The AMTFs of the two CIs were calculated for frequencies between 0 and 50 cycles/degree. These spatial frequencies that correspond to decimal visual acuities up to 1.6, were employed to calculate the average of sagittal and tangential MTFs at different vergences: from + 0.50 D to − 3.50 D in 0.10 D steps, and with two different pupil diameters: 3.0 and 4.5 mm, emulating photopic and mesopic conditions. In the simulations, we employed two different settings for the illumination: monochromatic light, matching the design wavelength (555 nm) and polychromatic light using the photopic bright setting of Zemax which uses five weighted wavelengths. The optimum target for the far distance focus was obtained independently for each device taking the best AMTF value as a quality criterion. In the calculations, the ideal eye’s pre-surgical refractive state for the PDCI resulted + 1.75D while for the RI was emmetropia. This is equivalent to assuming that the inlay surgery was performed simultaneously with LASIK or PRK in patients who are not already at an optimal preoperative refraction, which is a common and safe clinical procedure with commercial corneal inlays34.
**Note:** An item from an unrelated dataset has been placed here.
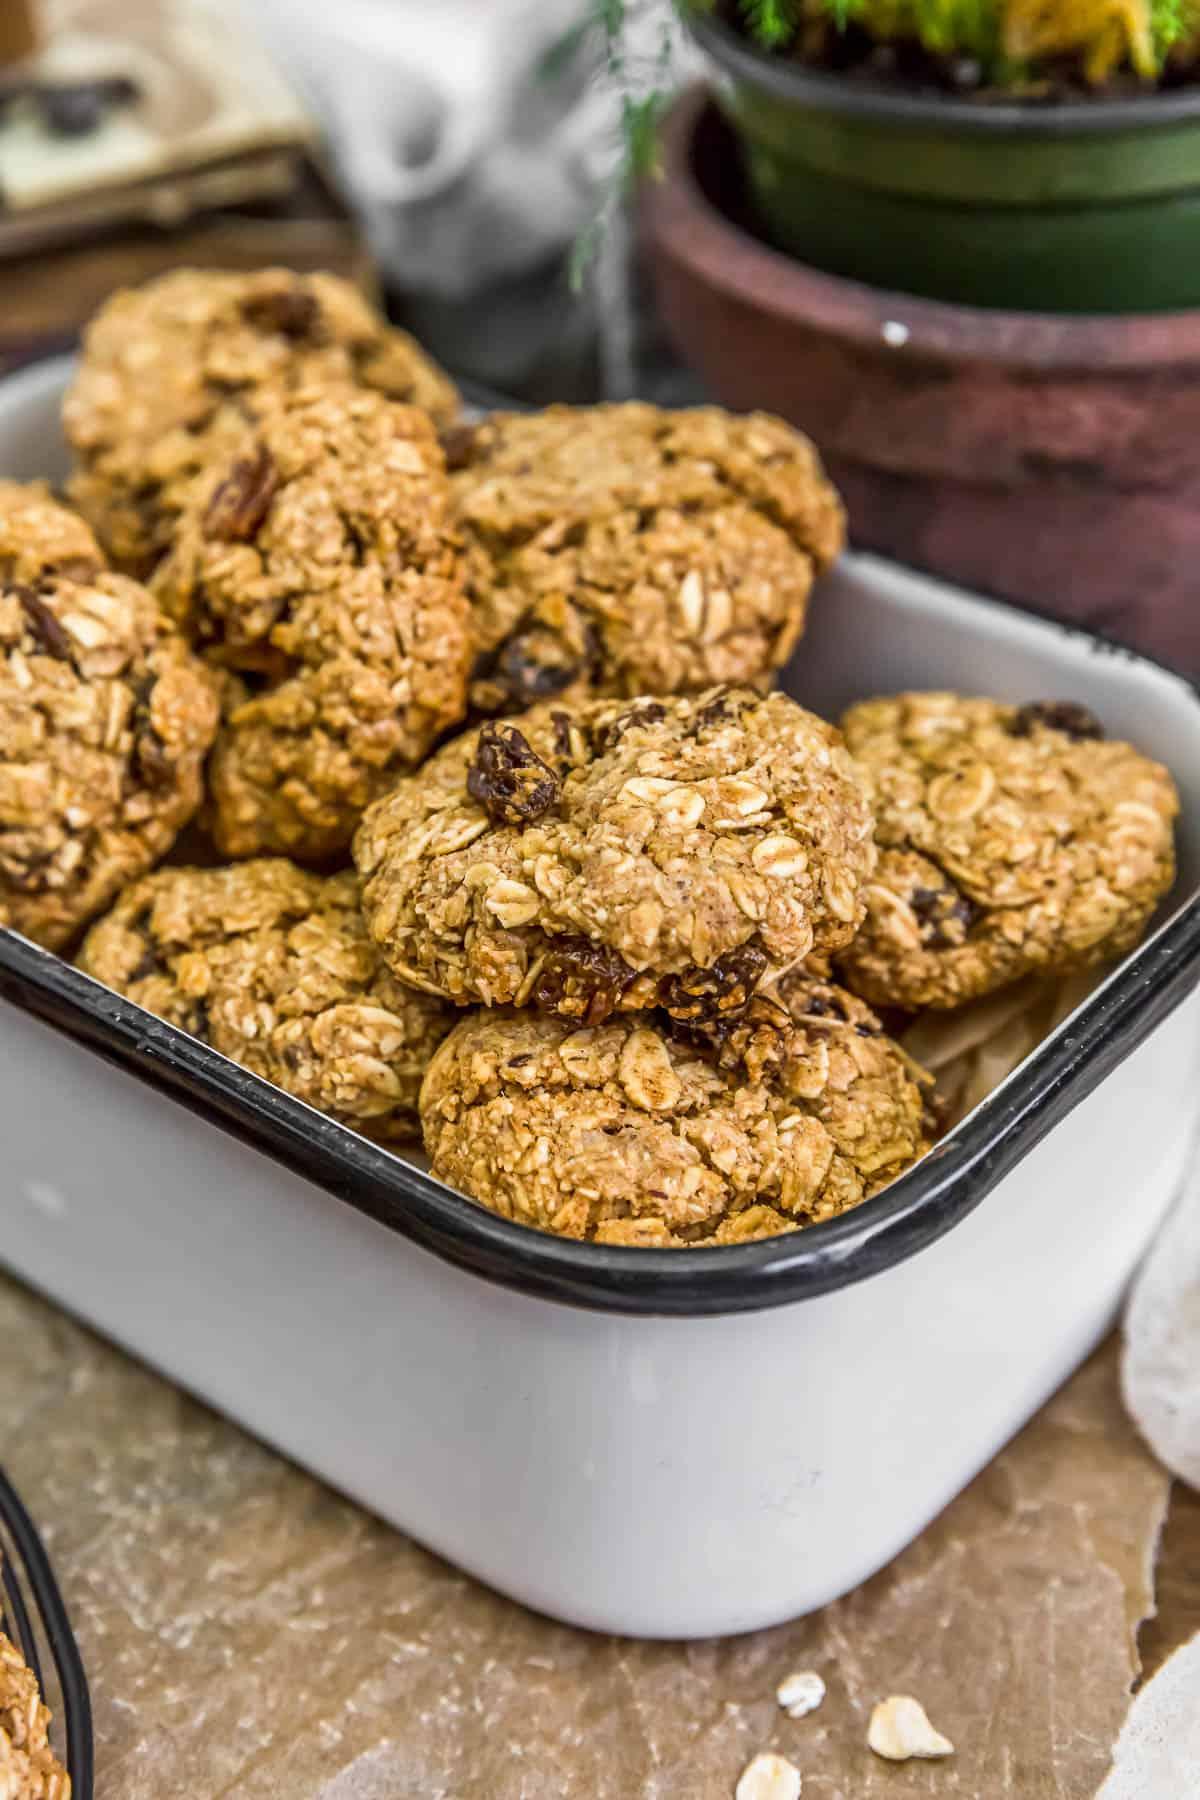 Tin of Vegan Crispy Oatmeal Cookies

Adaptive optics visual simulator

The experimental measurements in this work were taken using the VAO Adaptive Optics Visual Simulator (Voptica S.L., Murcia, Spain). This clinical instrument allows to place optical stimuli different vergences through a micro display and to show to the patient its image through any optical phase profile35,36. The stimulus was an optotype with three high-contrast letters (tumbling Es) of different sizes corresponding to visual acuities of 0.4, 0.2 and 0.0 logMAR units. In our case, we have incorporated the phase of both inlays into the system following the indications of the manufacturer as CSV files with 846 × 846 values covering a pupil of 4.5 mm diameter. In this study, through-focus images provided by the corneal inlays in the VAO system were recorded in the range 0.0 D–3.0 D in 0.25 D steps using a 8 bits CCD camera (Edmund-Optics with model EO-10012C Lite Edition) with a resolution of 3,840 × 2,748 pixels and CCD dimensions of 6.41 × 4.59 (mm). The focusing lens was an achromatic doublet with 30 mm focal (AC254-030-A-ML, Thorlabs Inc. Newton, NJ, USA). Therefore, by recording images the visual stimuli through the VAO system, with a CCD camera replacing the eye, our aim was to found an agreement with the numerical simulations of the through the focus performance of both inlays. This was done despite that the real size of the projected phase CIs could not be measured experimentally because according to the manufacturer a real image of them is projected into the pupil plane of the observer’s eye, but the exact location of this plane is not specified. Consequently, although the instrument works with a single pupil diameter of 4.5 mm its projection over the artificial eye could have a magnification slightly different than 1.